Example 5 Fabrication of Organic Electroluminescent Device

The glass substrate coated with indium tin oxide (ITO) was ultrasonically cleaned, and again washed with deionized water, then degreased with toluene gas and dried. Next, a hole injection layer was formed by vacuum deposition of 150 m thick m-MTDATA on the ITO electrode, and a hole transport layer was formed by vacuum deposition of α-NPD on the hole injection layer to 500 mm thick. The organic metal complex synthesized in Example 1 was deposited on the hole transport layer to a thickness of 600 kPa to form an organic light emitting layer, and then Alq3 was deposited on the organic light emitting layer to a thickness of 300 kW to form an electron transport layer. Finally, the organic electroluminescent device was manufactured by forming a cathode by depositing Mg-Ag at a thickness of 2000 kPa on the electron transport layer. The luminous efficiency of the manufactured organic electroluminescent device was 2.1 lm / w, and showed a maximum light emission intensity of 6000 cd / m ² and a maximum light emission wavelength of 465 nm at 15V.

Example 6 Fabrication of Organic Electroluminescent Device

An organic electroluminescent device was manufactured in the same manner as in Example 5, except that the organometallic complex obtained in Example 4 was used. The luminous efficiency of the manufactured organic electroluminescent device was 1.81 lm / w, and showed a maximum emission intensity of 5500 cd / m ² and a maximum emission wavelength of 450 nm at 15V.

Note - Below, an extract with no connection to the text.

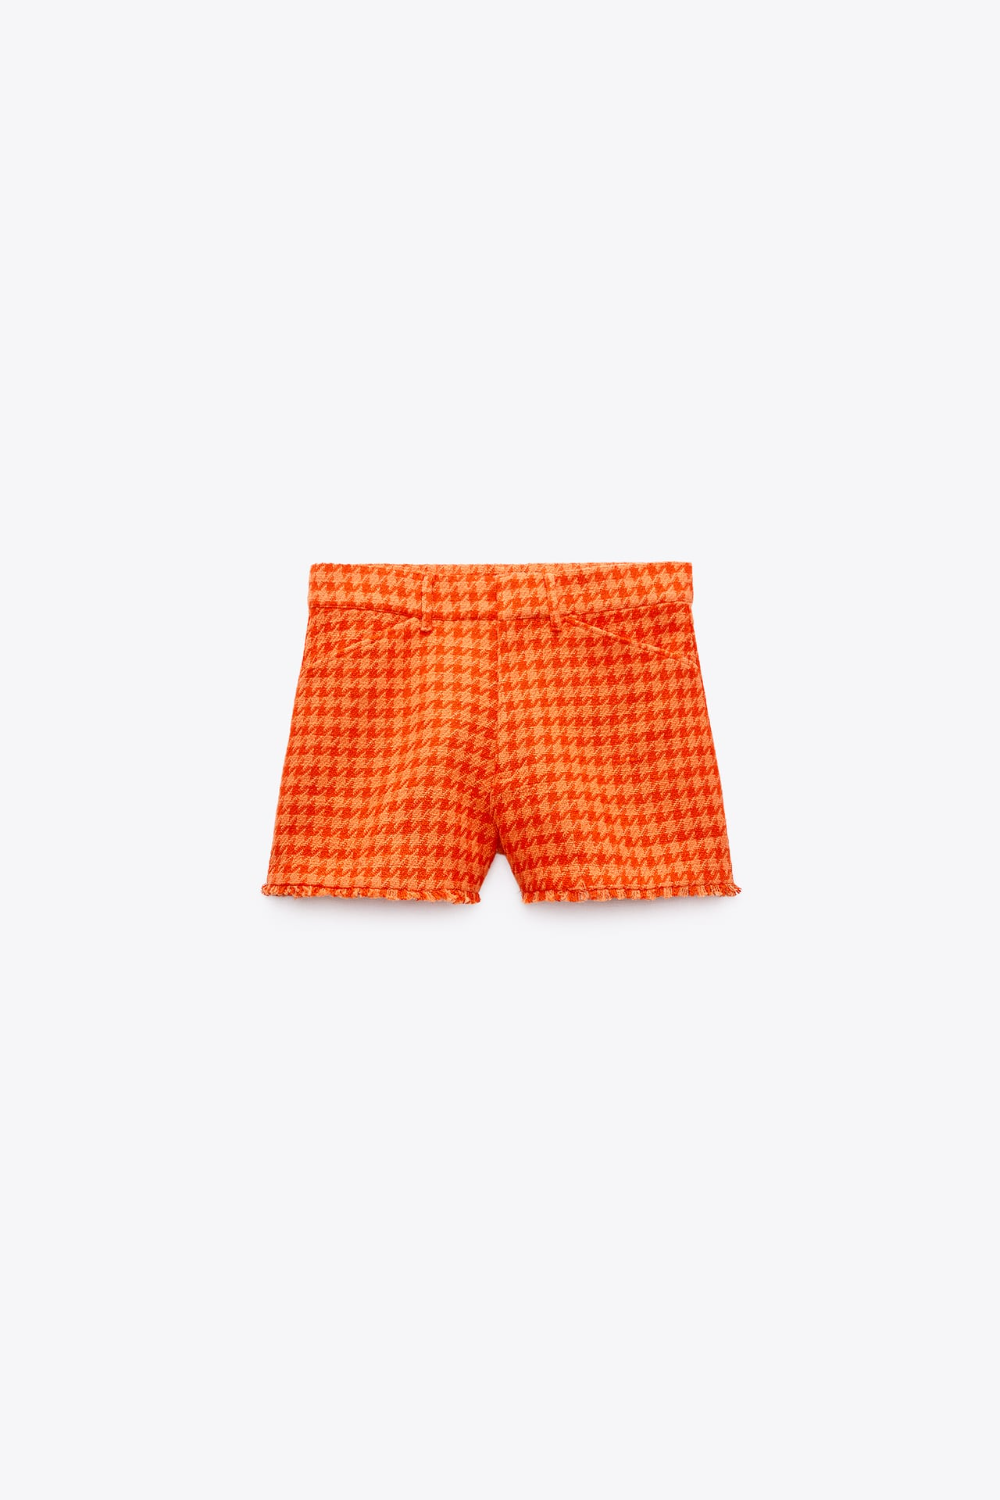 https://flyfiercefab.com/wp-content/uploads/2022/03/Zara-orange-houndtooth-tweed-shorts.png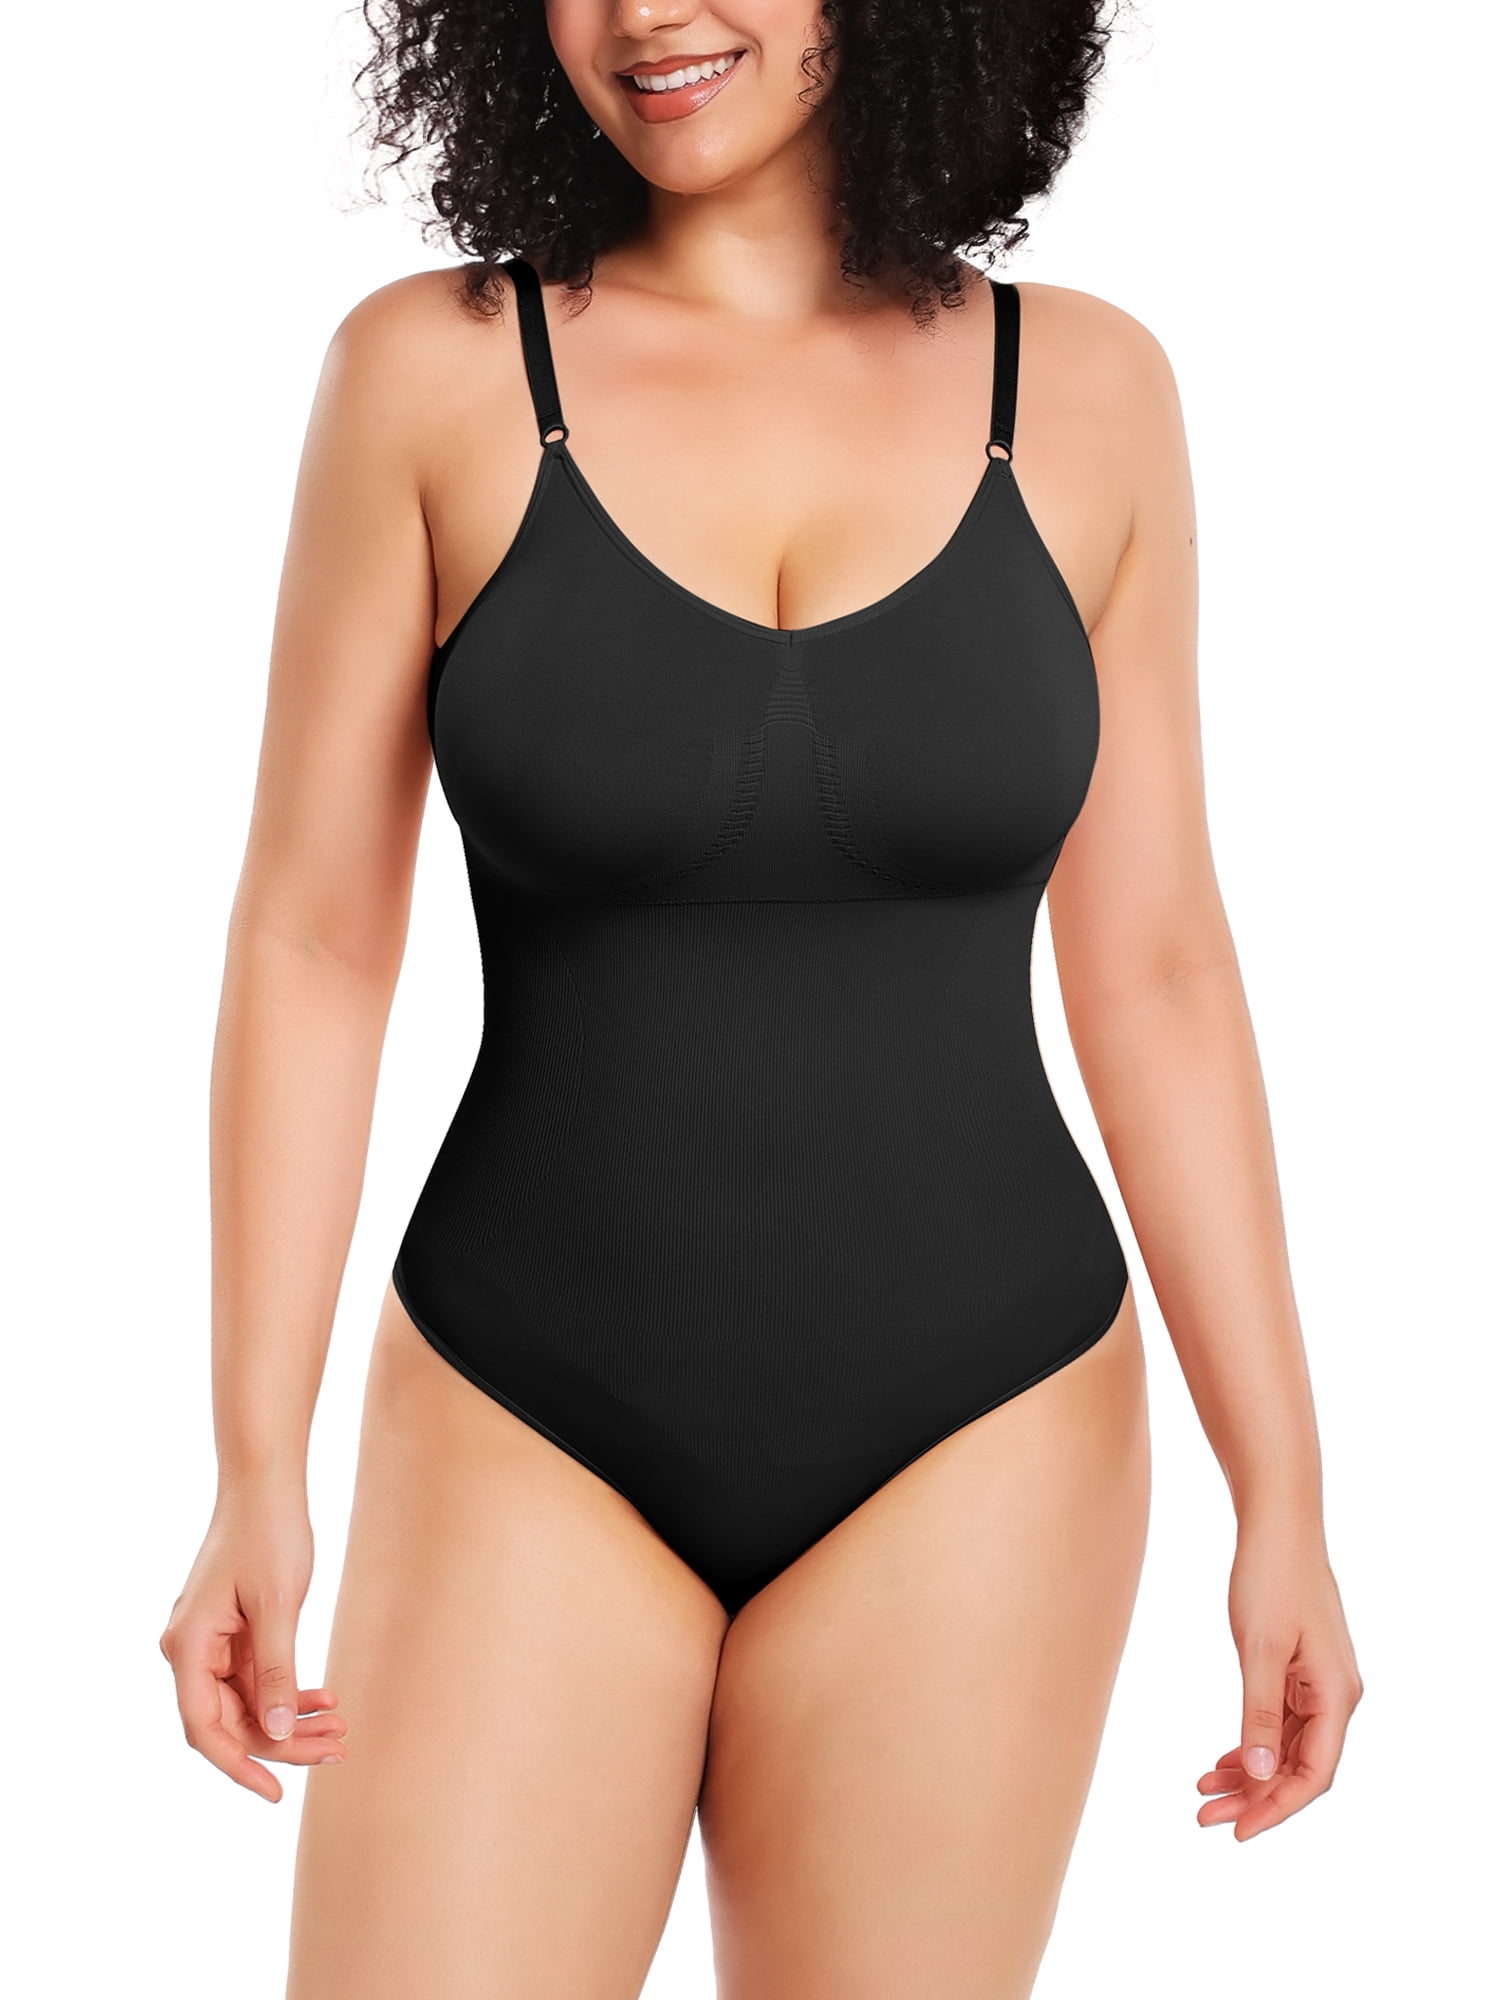 COMFREE Bodysuit for Women Tummy Control Shapewear

As described above, the novel organometallic complex containing the oxa- or thiadiazole moiety according to the present invention is not only excellent in heat resistance and stable, but also emits blue light of high quality and various wavelengths depending on the substituent. The organometallic complex may not only be used as a host material or a blue dopant of the organic light emitting layer, but may also be used as an electron transport layer.

Claims (4)

An organometallic complex having a structure of Formula 3 below, which emits light by receiving energy generated by electron-hole recombination. [Formula 3] Wherein M ₁ is Li, Na or K, R ₁ to R ₉ may be the same or different from each other, hydrogen or substituted or unsubstituted alkyl, aryl, heteroaryl or fused ring of 1 to 10 carbon atoms ) And X is O or S. delete A first electrode having a high work function; A second electrode having a low work function; And An organic electroluminescent device comprising an organometallic complex of Formula 3 and comprising at least one organic compound layer positioned between the first and second electrodes. [Formula 3] Wherein M ₁ is Li, Na or K, R ₁ to R ₉ may be the same or different from each other, hydrogen or substituted or unsubstituted alkyl, aryl, heteroaryl or fused ring of 1 to 10 carbon atoms ) And X is O or S. The organic electroluminescent device according to claim 3, wherein the organic compound layer including the organometallic complex is an organic light emitting layer or an electron transport layer formed between the second electrode and the organic light emitting layer.